In lieu of an abstract, here is a brief excerpt of the content:

Reviewed by:

  • On the Inconvenience of Other People by Lauren Berlant
  • Ana Schwartz (bio)
On the Inconvenience of Other People
lauren berlant
Duke University Press, 2022
252 pp.

Where does history end and personality begin? This isn't exactly Lauren Berlant's question in On the Inconvenience of Other People. But for those of us reading from the field of early American studies, it's a question we may find occasion to return to, if we've asked it to ourselves quietly before. That we tend not to ask it explicitly in our work is, like our own individual personalities' tussles with history, not exactly our fault. Methodologically, our field indirectly still seems to be wrestling with its own historical foundation in hagiographic intellectual history, its prior ambition to vindicate the mind and its personal expressions against historical forces, to keep drawing, as Emerson expressively put it, new circles. The mood of this historiography is earnest. Everyone it narrates is sincere. There are few [End Page 204] protagonists here who aren't white. Since then, the field has reinvested in something like historical materialism, has begun seeking more comprehensively to recover the material conditions and their ideological consequences that together shaped the history we've inherited. We've widened our scope. "Everyone" now includes those not so richly documented in the sources earlier critics had used to write their accounts of the past. And because those underrepresented in the archive faced concomitant material predations and dispossessions, we often find it powerful to generalize about the mood and material expression of resistance that these individuals shared.

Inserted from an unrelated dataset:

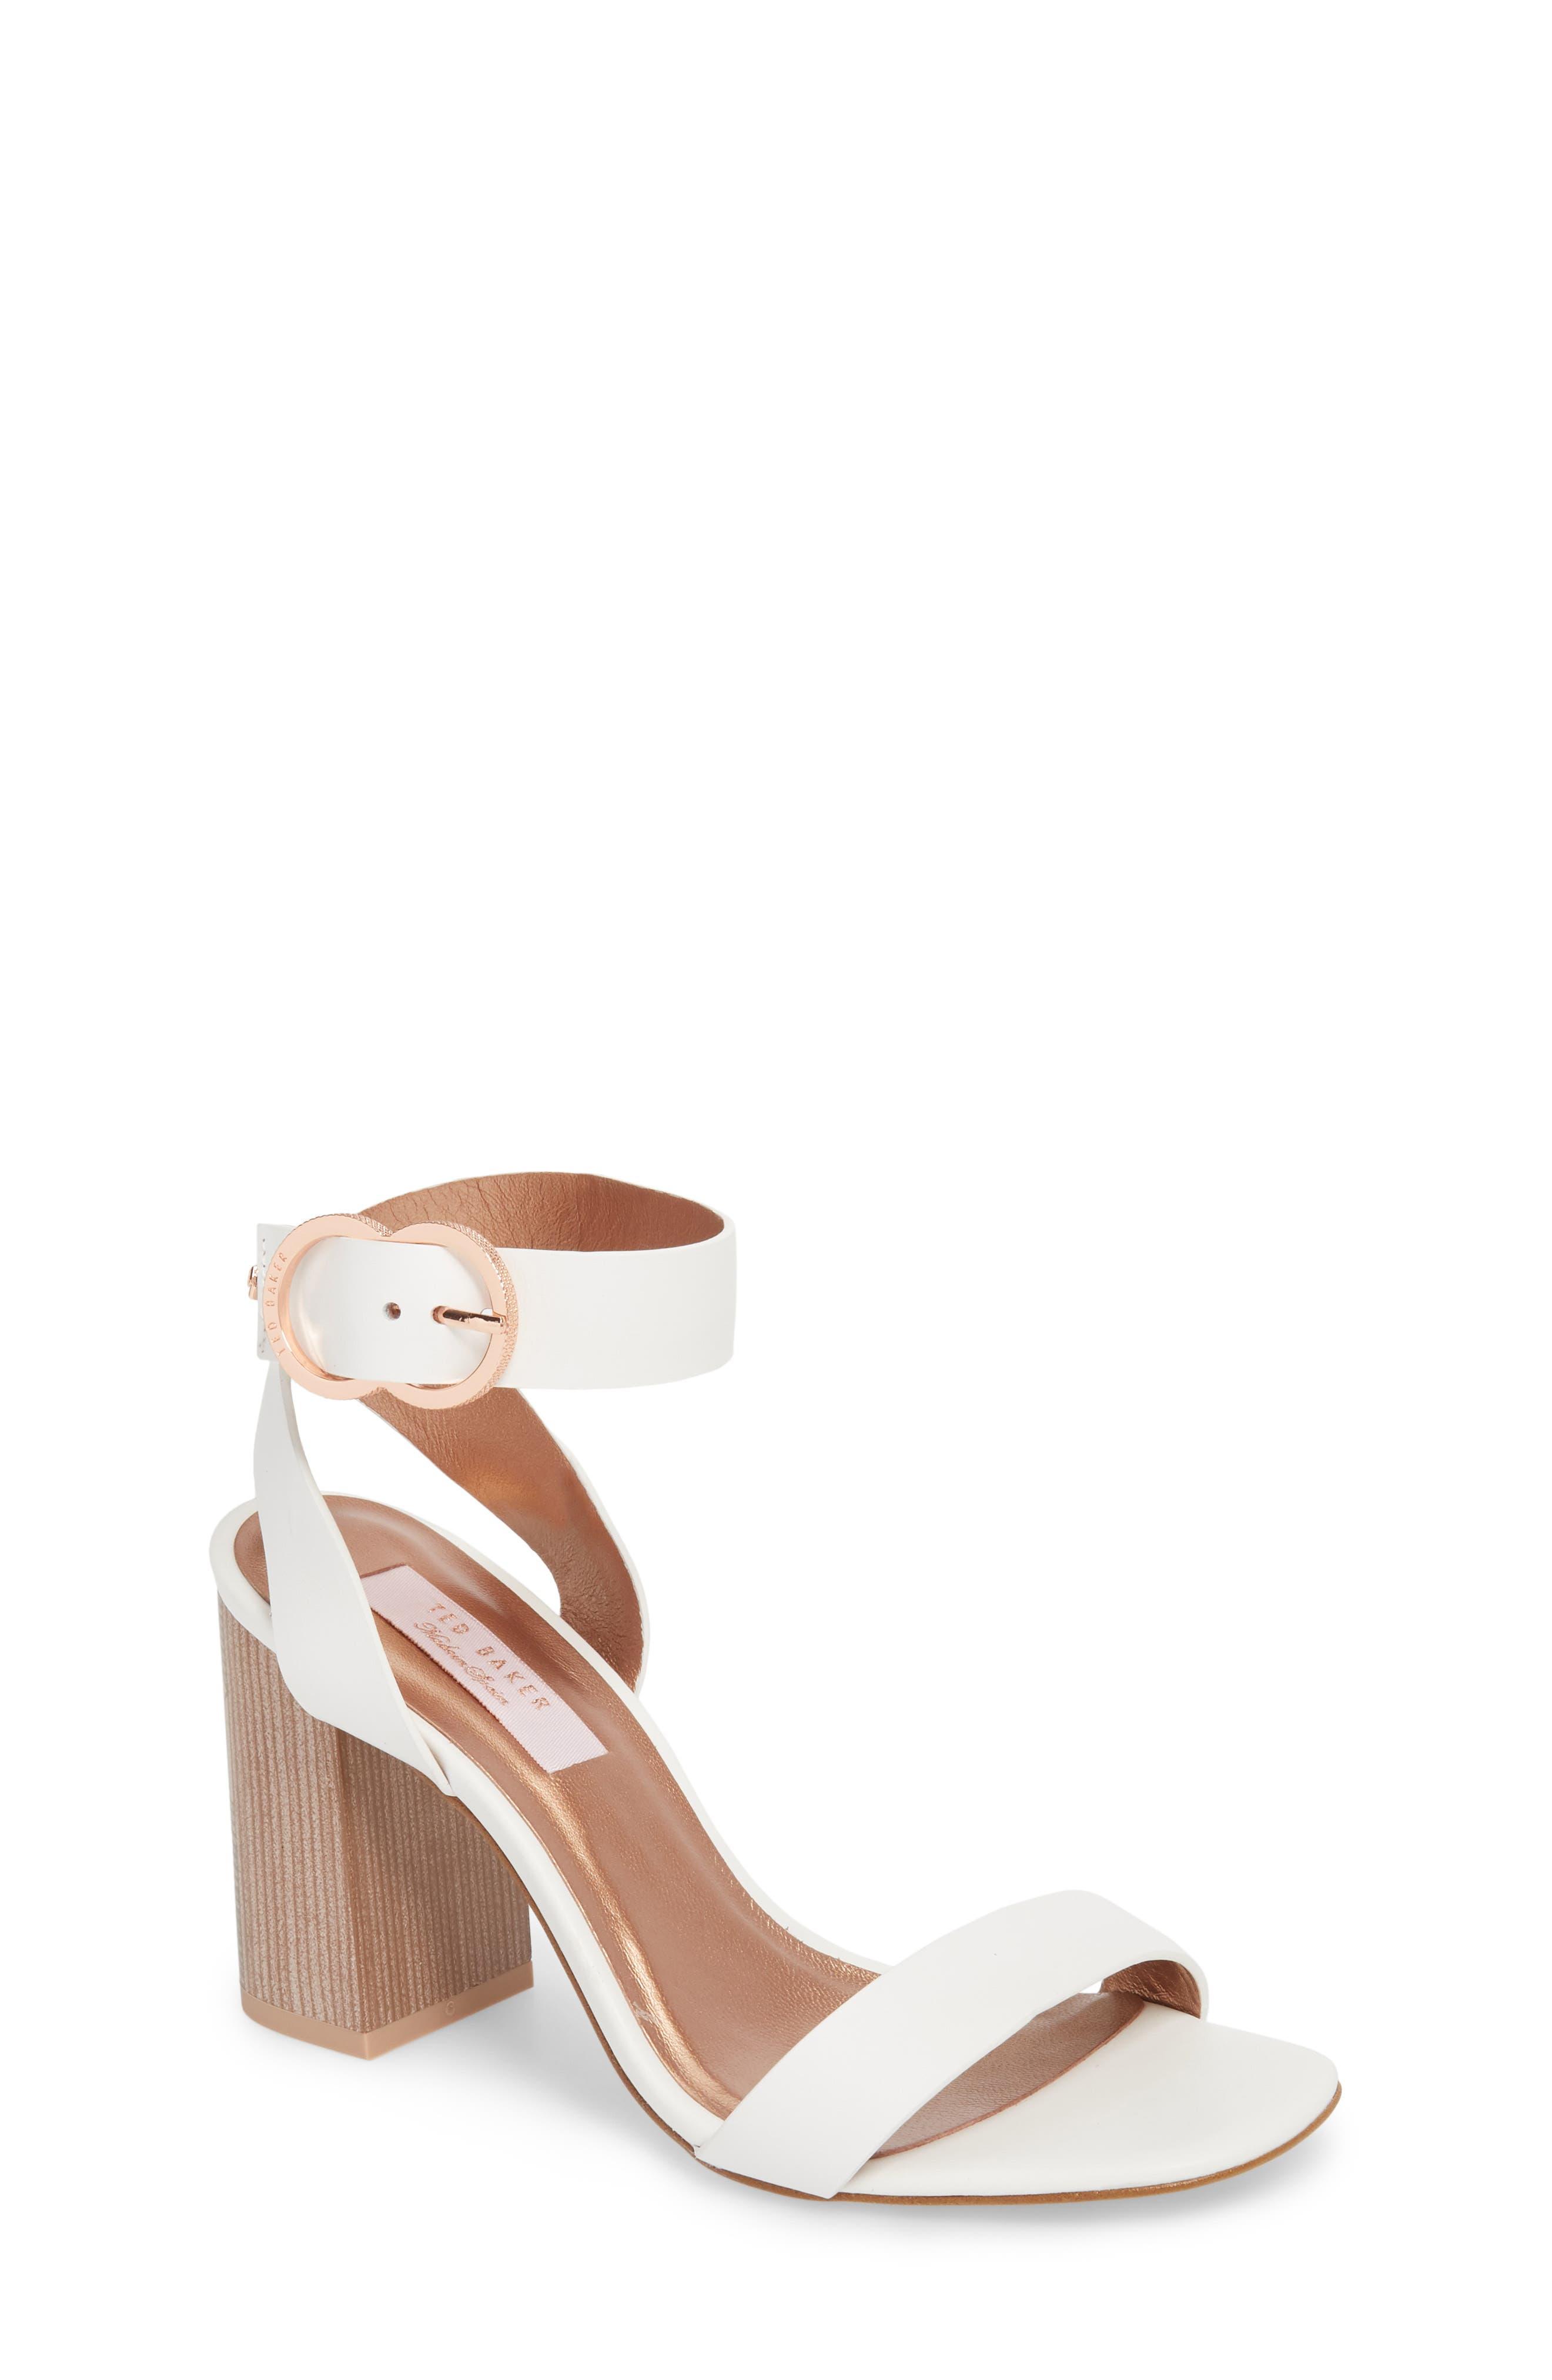 Vallama Block Heel Sandal,                             Main thumbnail 1, color,                             White Leather

The challenge here, though—and it's one we're beginning to take on better in the twenty-first century—is to begin to understand historical individuals experientially, to appreciate better the contours of their lived histories within those unchosen conditions. The answers may not always be pleasant. The parties we have spent our lives understanding may turn out to be less individually heroic than we have wanted to believe them to be. And where, to extend my lease on Sharon Marcus and Stephen Best's most searing critique of our desires in historicist recovery projects, would be the heroism for us in that? This is a rhetorical question, mostly, but it's also a screen for an earnest inquiry. The place where history ends and personality begins might also be the weird surprise-filled place where we see the leap beyond historical circumscription that, for some famous figures of the past, bound the otherwise unglamorous individual with partially circumstantial heroism. And there of course were many who didn't make that leap. There we might see better how hard such a leap was, and why some failed in making it. We might learn other things, too, that we don't expect. I learned to think about this question from Ajay Batra, who learned it, I think, from reading Cedric Robinson. But we can all learn to think about it from reading Berlant, who is a thrilling guide in pursuing this question, and this is so not least because of their commitment to the possibility that the most potent place to look for what we might, archly, call a frontier between personality and history is in the unheroic, itchy, sometimes devastating, but often just profoundly ambivalent episodes of quotidian life.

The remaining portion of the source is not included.